Tina’s Barbecue: The Pride of Ghent

1 04 2011

Ever watch the local news on Fridays when they show results of sanitation inspections for local restaurants? We see things like roaches in the kitchen, hot food too cold, cold food too hot, the cook with a chaw in his mouth. Just what would it take to make you say you’ll never return to that restaurant? Would really good food outweigh really bad cleanliness?

One of my business partners and I were teaching a week-long OSHA class in Carrollton, Kentucky several years ago. Carrollton is a great little town but not exactly a bastion of world-class cuisine; so, by Tuesday, we had already experienced the finest fare Carrollton had to offer.

At the end of the day on Wednesday, we asked the class for a restaurant suggestion. Without hesitation, nearly everyone said Tina’s Barbecue. With such a rousing, and nearly unanimous recommendation, how could we go anywhere else-especially considering we had exhausted all the acceptable locations in the area.

So off we went, in search of Tina’s. We passed through a very small community called Ghent, unknowingly by-passing the restaurant a couple of times before we found it. It turned out to be a small brick building just off the highway driving into Ghent. (I understand Tina has now moved her business into town.)

As we walked in the door, I noticed the only customers were seated at a table at the front of the restaurant. There were two men and two women. There was also a baby, wearing only a diaper, crawling around near their table; so, naturally, I assumed this child, who appeared to be about a year old, belonged to one of the couples at this table. So my partner, David, and I took a seat at a table near the rear of the restaurant and within view of the kitchen. The baby saw us and made a b-line straight for our table, crawling as fast as her chubby little legs would get her there.

As we sat there looking over the menu, the baby, unable to walk or stand unassisted yet, grabbed David’s pants leg and pulled herself to a standing position. We both looked around wondering the same thing-why doesn’t the owner of this child come and get her?

Pretty soon, Tina, the restaurant owner, came out and greeted us. She picked up the child and holding the baby on one hip with her left arm, she took our order with her right hand before retreating back toward the kitchen, baby in arms. So, that’s why one of the ladies at the other table didn’t come get the child; she didn’t belong to either of them.

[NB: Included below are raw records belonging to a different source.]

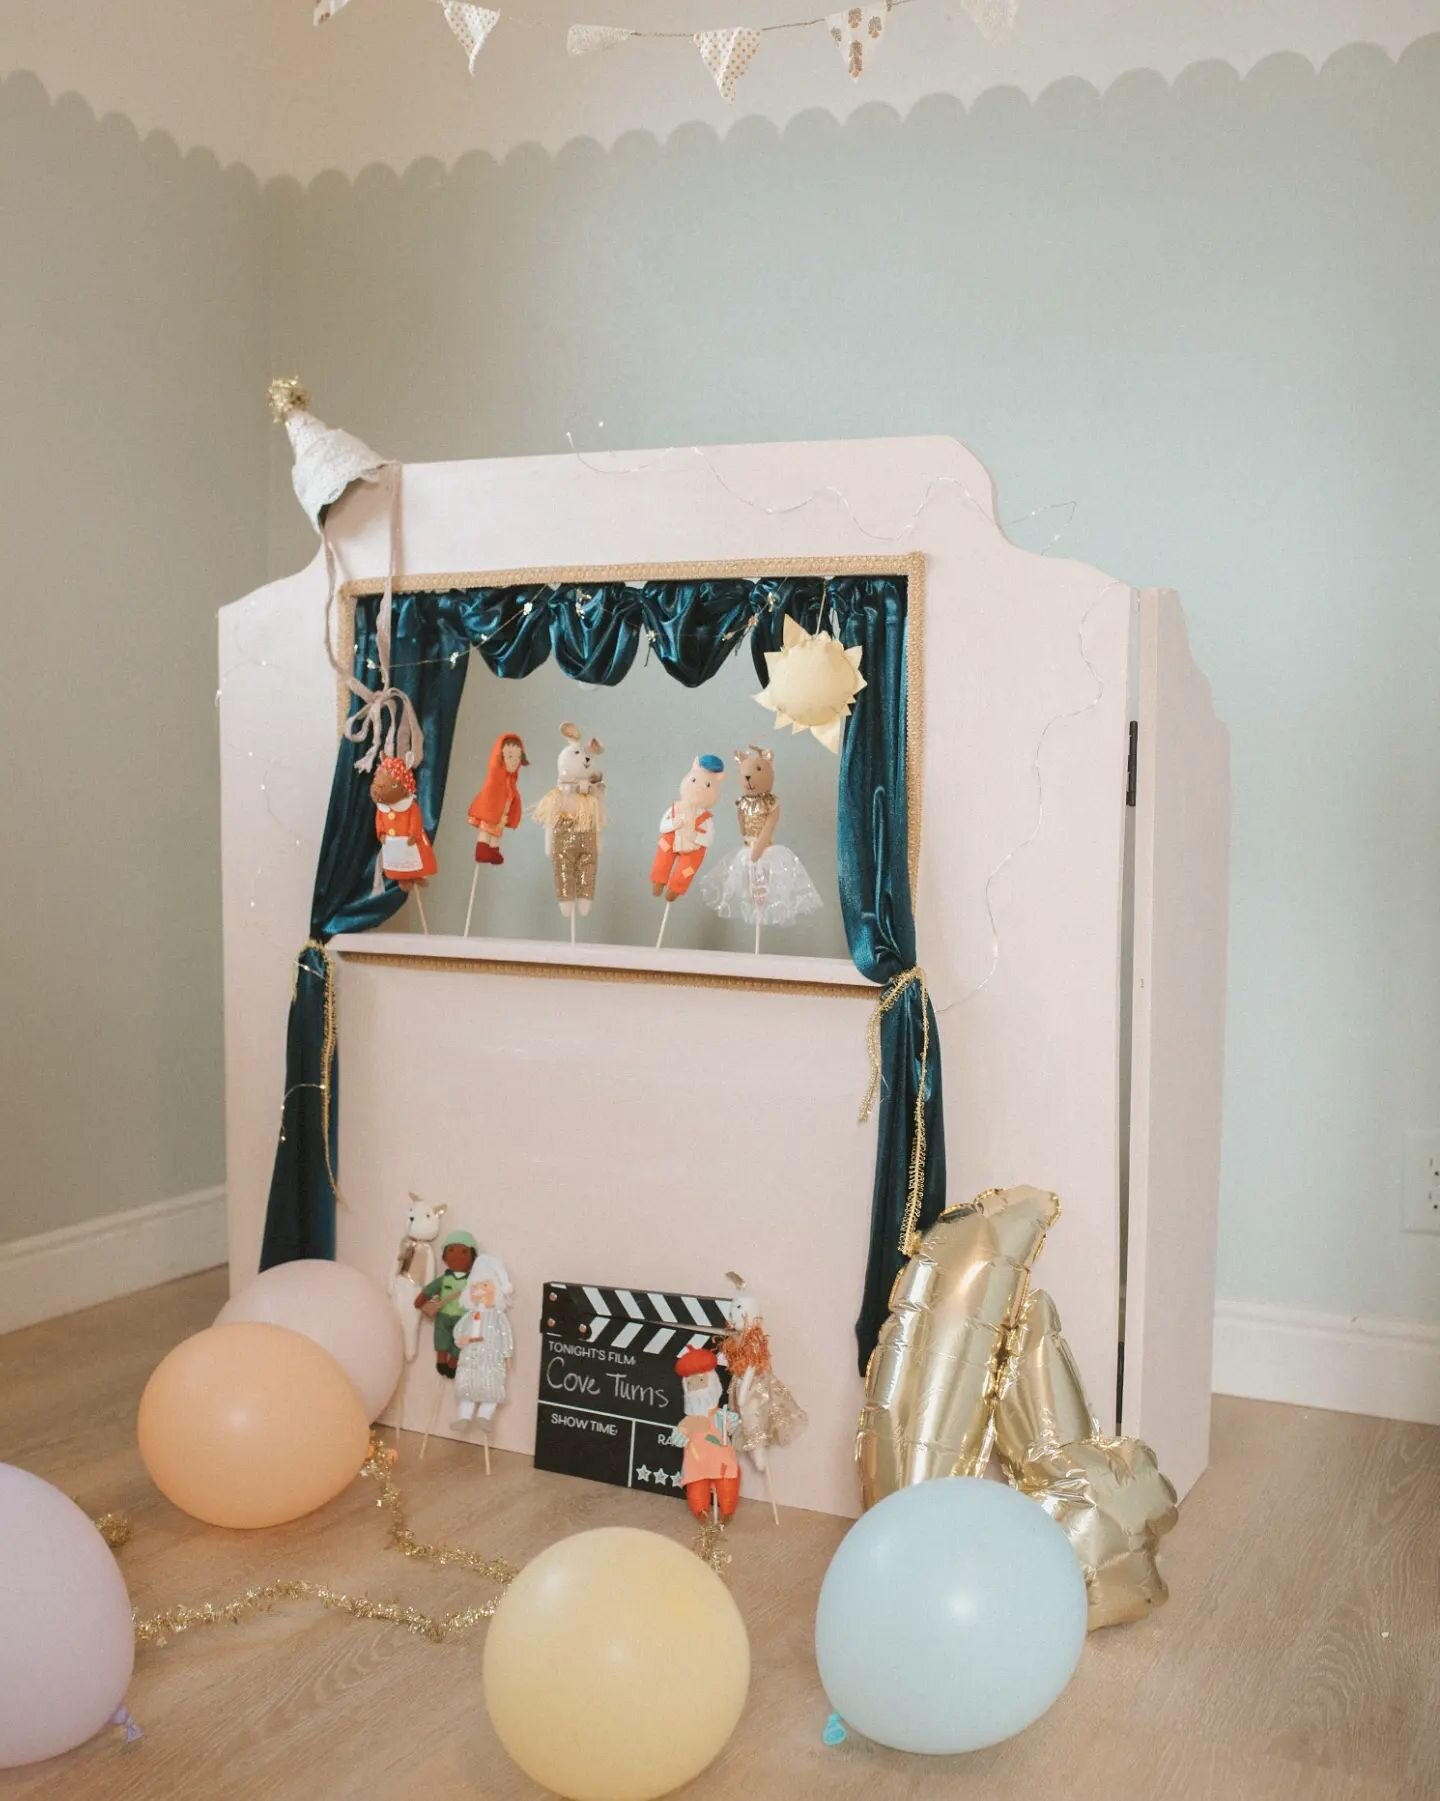 Cove is 4! ✨

I had a puppet theatre growing up that my mom made me so making this puppet theatre for Cove's birthday just felt right! She loves it and we'll have lots of fun making up stories ✨

🎭 I used the leftover plywood from our bunk beds to m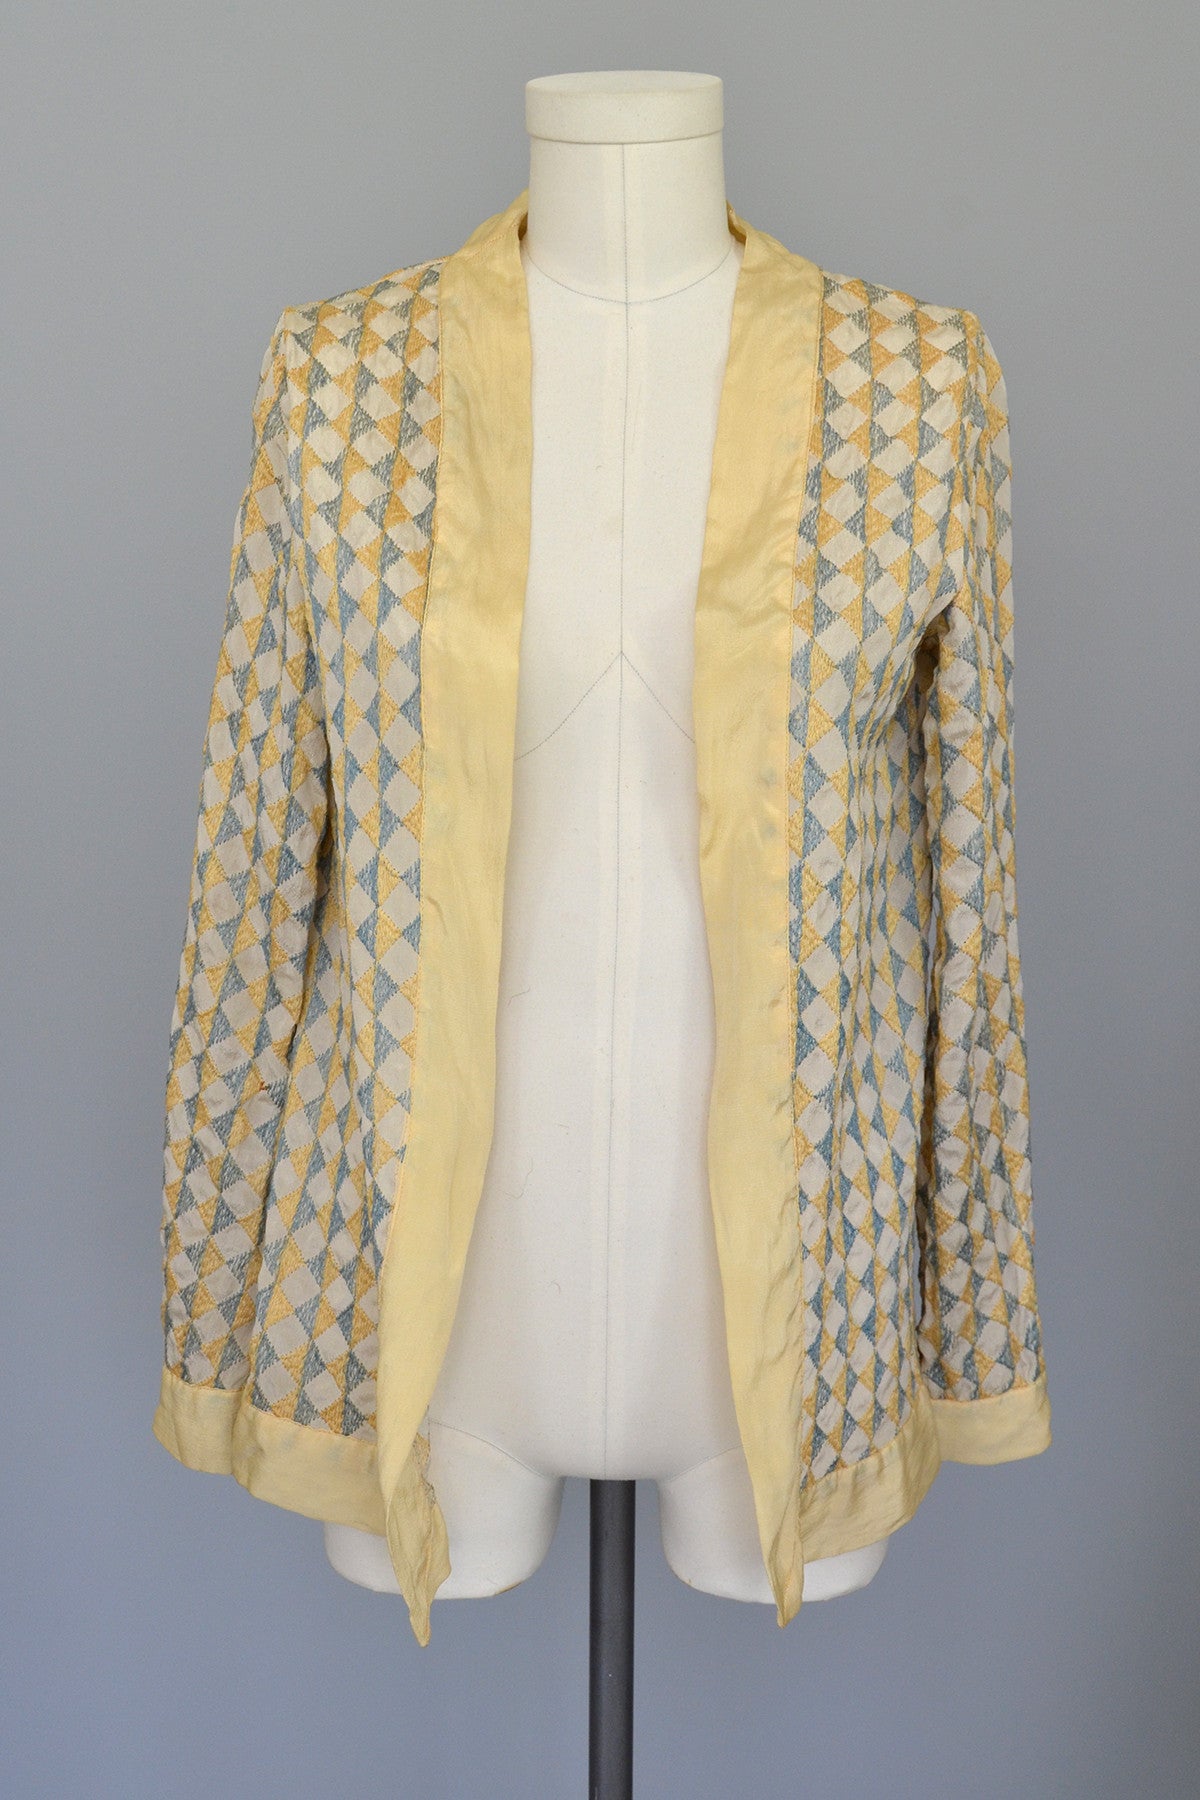 RESERVED 1920s Deco Harlequin Embroidered Jacket Duster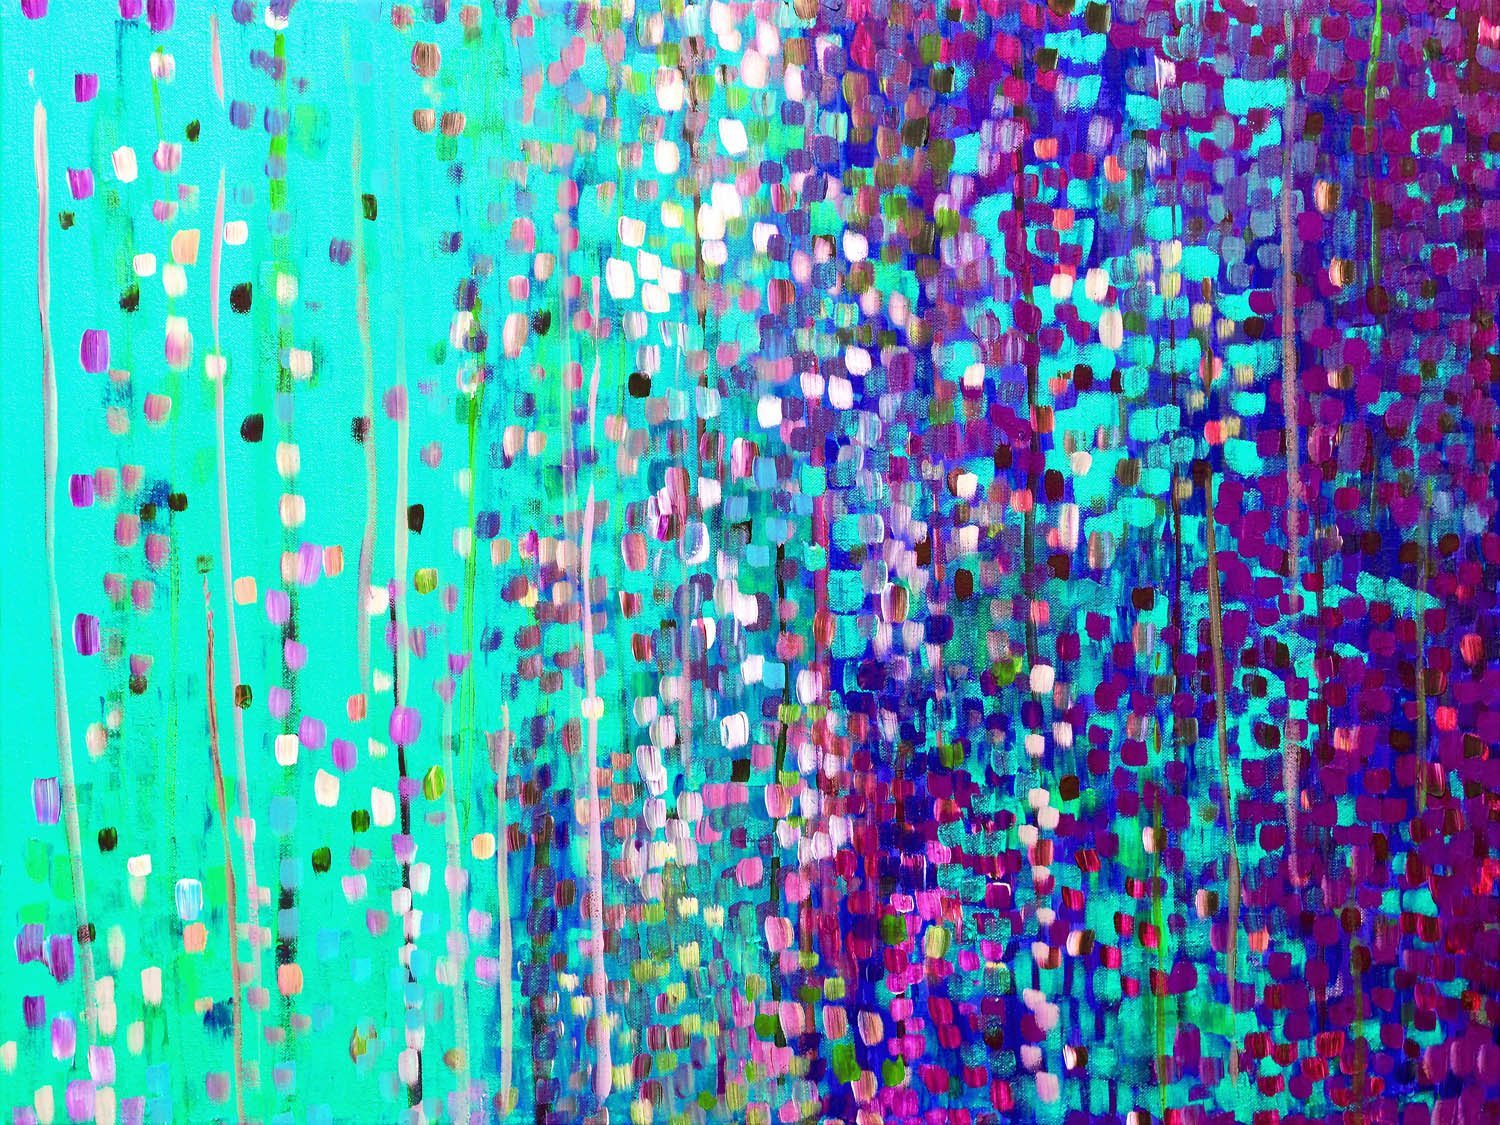 Turquoise & Purple Abstract Art Print - Louise Mead

Soon, with Tina in the kitchen preparing our dinner, the baby returned to our table. As we sat there, trying to entertain the urchin, there was a sound from the kitchen. I said, “David, was that a dog?”

David leaned back to get a better view into the kitchen and confirmed not only that it was a dog that barked, but there were two dogs on the floor in the kitchen. Well, that’s a first for me, as far as I know.

So we briefly discussed leaving, but it had taken us so long to find the place we were both starving, and besides, we had few options if we left Tina’s. So, we agreed to stay and give it a try in hopes that if there were any fleas or dog hairs in our food maybe we just wouldn’t see it.

It wasn’t long before Tina was returning with our dinner. After placing our meal on the table, she leaned over and picked up the child saying, “Come on honey; let’s go get you some clean britches on.” She then disappeared into the kitchen where we assumed, she changed the diaper.

Now I’m pretty adamant when it comes to restaurant cleanliness, but I get even more serious about good food. I refuse to use that worn out phrase “to die for.” I hate clichés. So while I wouldn’t be willing to die for it, I would consider taking a kick in the butt for Tina’s food. Dogs or no dogs, crappy diaper or no crappy diaper, David and I didn’t hesitate to return the following night and on subsequent trips to Carrollton. And, while I would probably have to drop my wife off at McDonald’s along the way, I’d go back to Tina’s today. You can’t judge a book by its cover, nor can you judge a restaurant by the number of dogs in the kitchen!